Este debate cobra una dimensión mayor con el auge de la IA en sanidad, porque cada vez más tecnologías sanitarias, desde algoritmos de apoyo al diagnóstico hasta softwares que orientan decisiones terapéuticas, la incorporan en la práctica clínica.

En el marco regulatorio europeo, muchas de estas aplicaciones están consideradas de alto riesgo por la normativa y las agencias reguladoras. Esto no es casualidad, ya que pueden influir de forma directa en el diagnóstico, el tratamiento o la priorización de pacientes. Un error puede tener consecuencias significativas.


El sector tiene muy claro que la velocidad de la innovación no puede convertirse en excusa para relajar los estándares



Por ello, Fenin defiende que cualquier solución basada en IA que tenga finalidad sanitaria debe contar con el correspondiente marcado CE de producto sanitario. "La implementación de la IA debe hacerse de manera segura, estratégica y ética. Si ayuda al diagnóstico o al tratamiento debe contar con el marcado CE como garantía de que ha superado los procedimientos que marca la normativa sanitaria y, en consecuencia, que es segura y eficaz", sostiene Crespo.

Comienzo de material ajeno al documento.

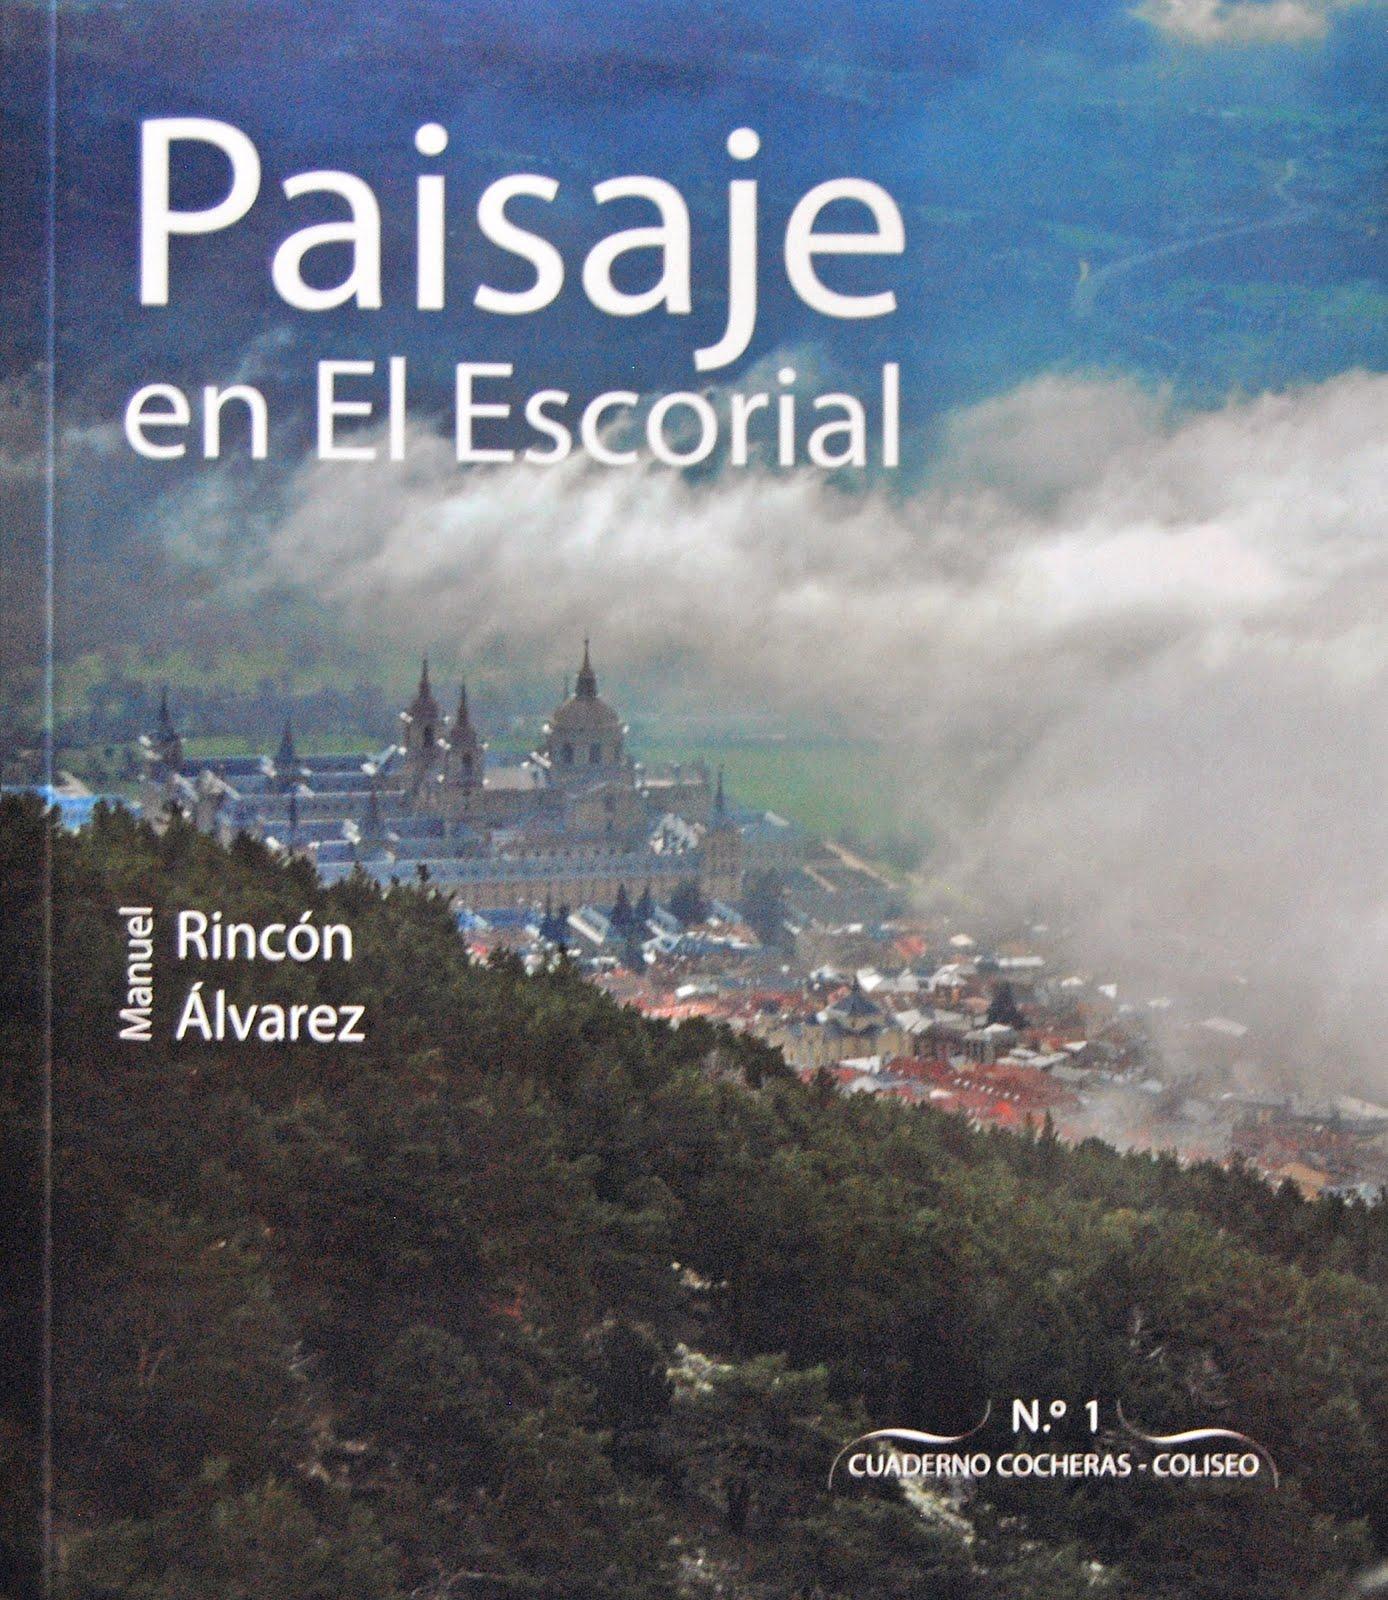 2ª edición Paisaje en El Escorial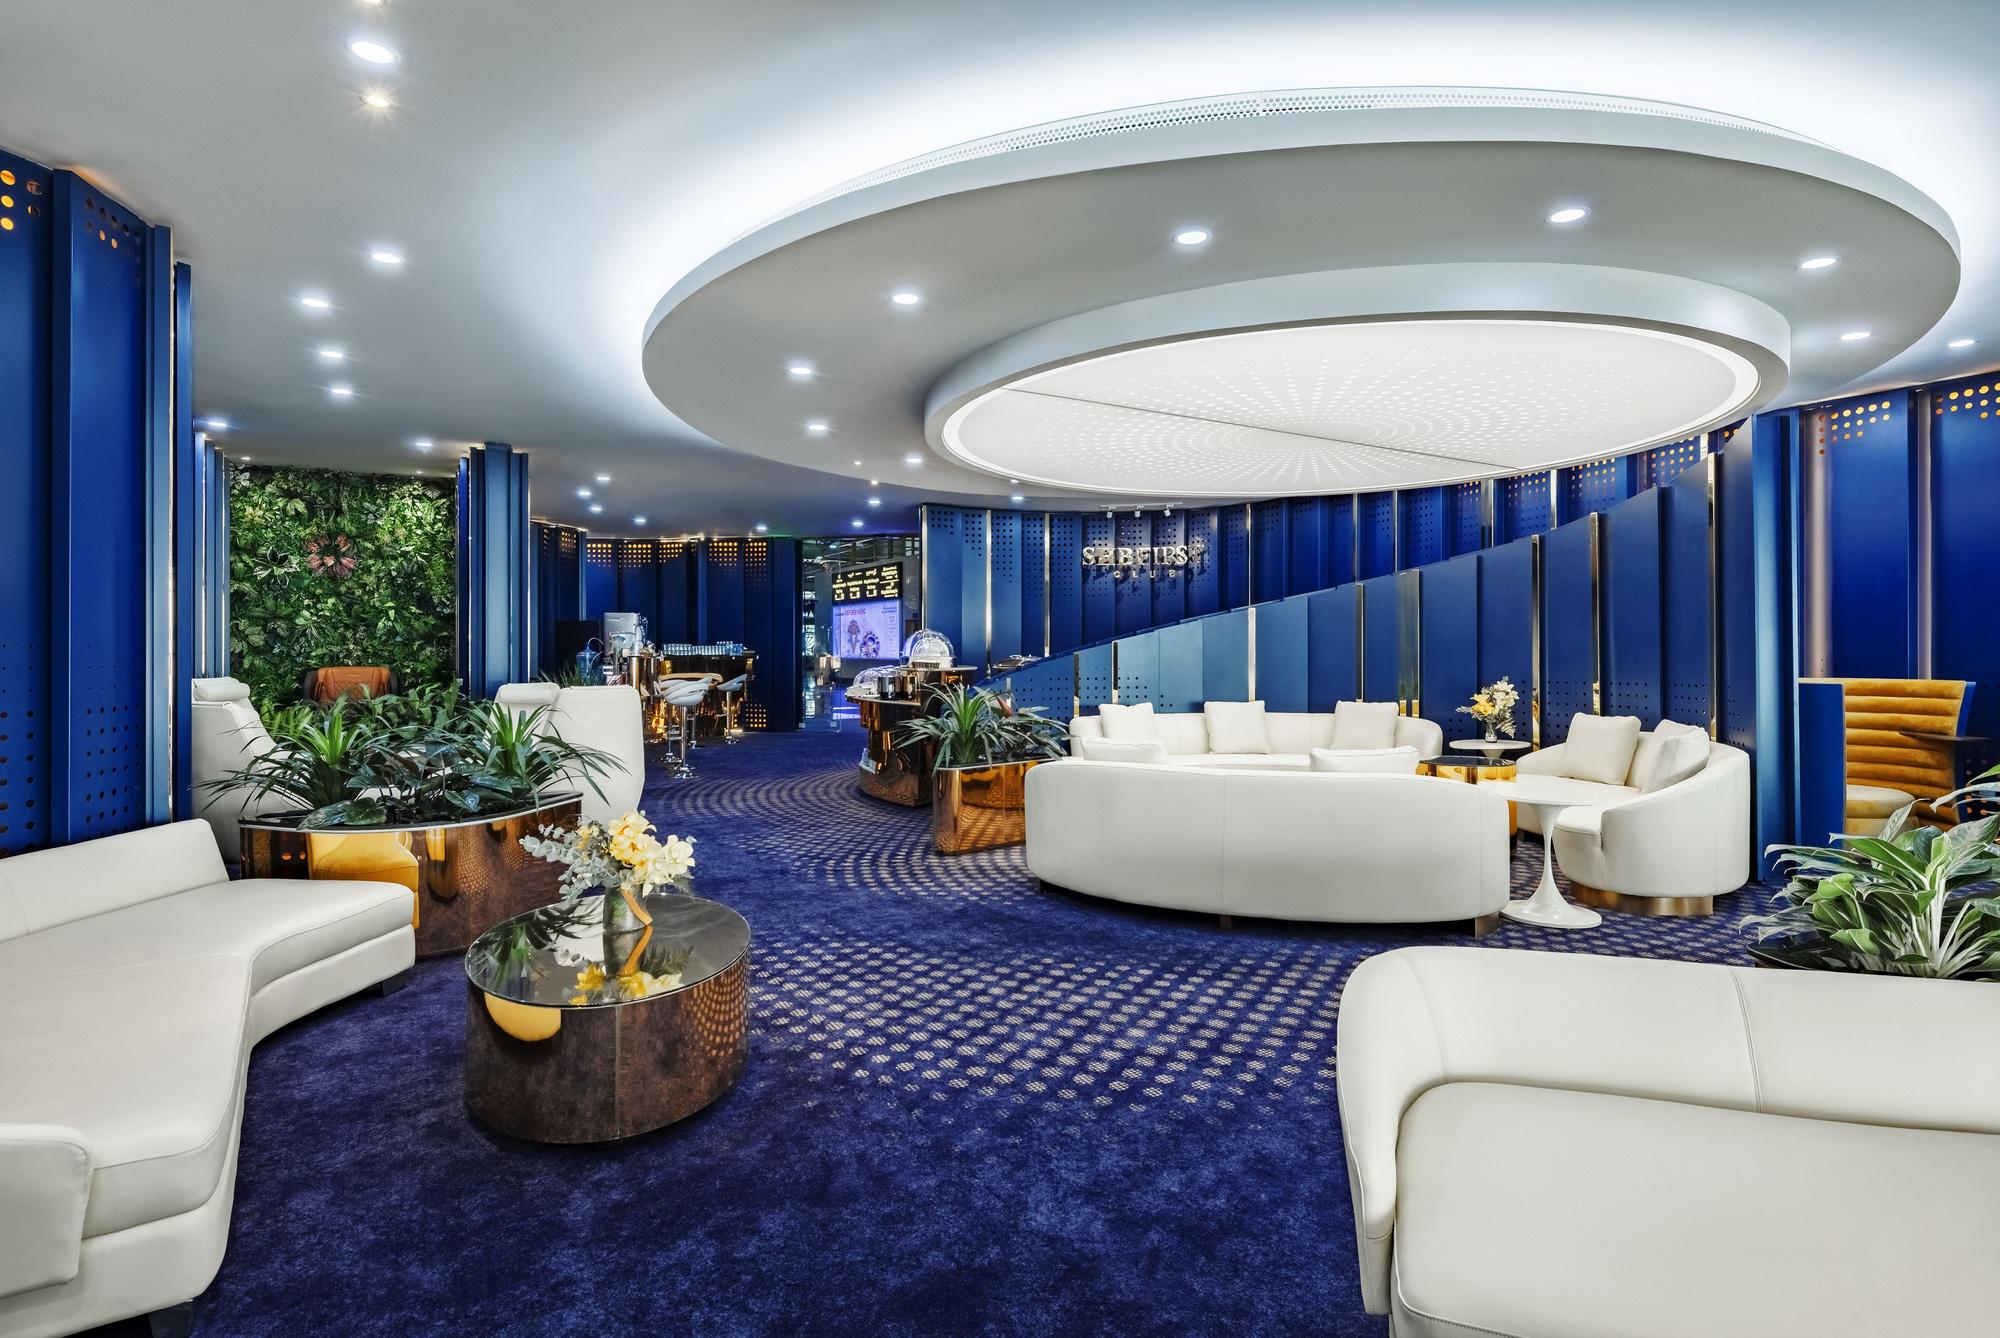 SHB First Club Nội Bài – phòng chờ sân bay mạ vàng 24K đầu tiên được ra mắt - Ảnh 4.

El sector tiene muy claro que la velocidad de la innovación no puede convertirse en excusa para relajar los estándares. Al contrario, cuanto más sofisticada y disruptiva es una tecnología, mayor debe ser el rigor en su evaluación.


Seguridad y competencia en el mismo plano


Y es que se trata de proteger a los pacientes y de preservar la confianza en el sistema sanitario. Cuando un ciudadano utiliza un dispositivo médico, asume que ha sido evaluado conforme a criterios científicos y regulatorios exigentes. Si esa premisa se debilita, se resiente todo el ecosistema.

Al mismo tiempo, el sector advierte de que la competencia desleal desincentiva la inversión. Las empresas que apuestan por cumplir escrupulosamente con la normativa asumen costes y plazos que forman parte del compromiso con la calidad y la seguridad. Añade que permitir que otros actores eludan esas obligaciones genera una asimetría difícil de sostener.

España y Europa cuentan con uno de los marcos regulatorios más avanzados del mundo en materia de productos sanitarios. El reto actual no es tanto crear nuevas normas como asegurar que se cumplen, reforzar la vigilancia del mercado y concienciar a profesionales y ciudadanos sobre la importancia de verificar que las tecnologías cuentan con el marcado CE adecuado.

Misma regla para todos, mismo nivel de control para el mismo nivel de riesgo. Solo así el marcado CE mantendrá su carácter garantista y el paciente podrá confiar en que la tecnología que utiliza ha sido evaluada con el rigor que exige su salud.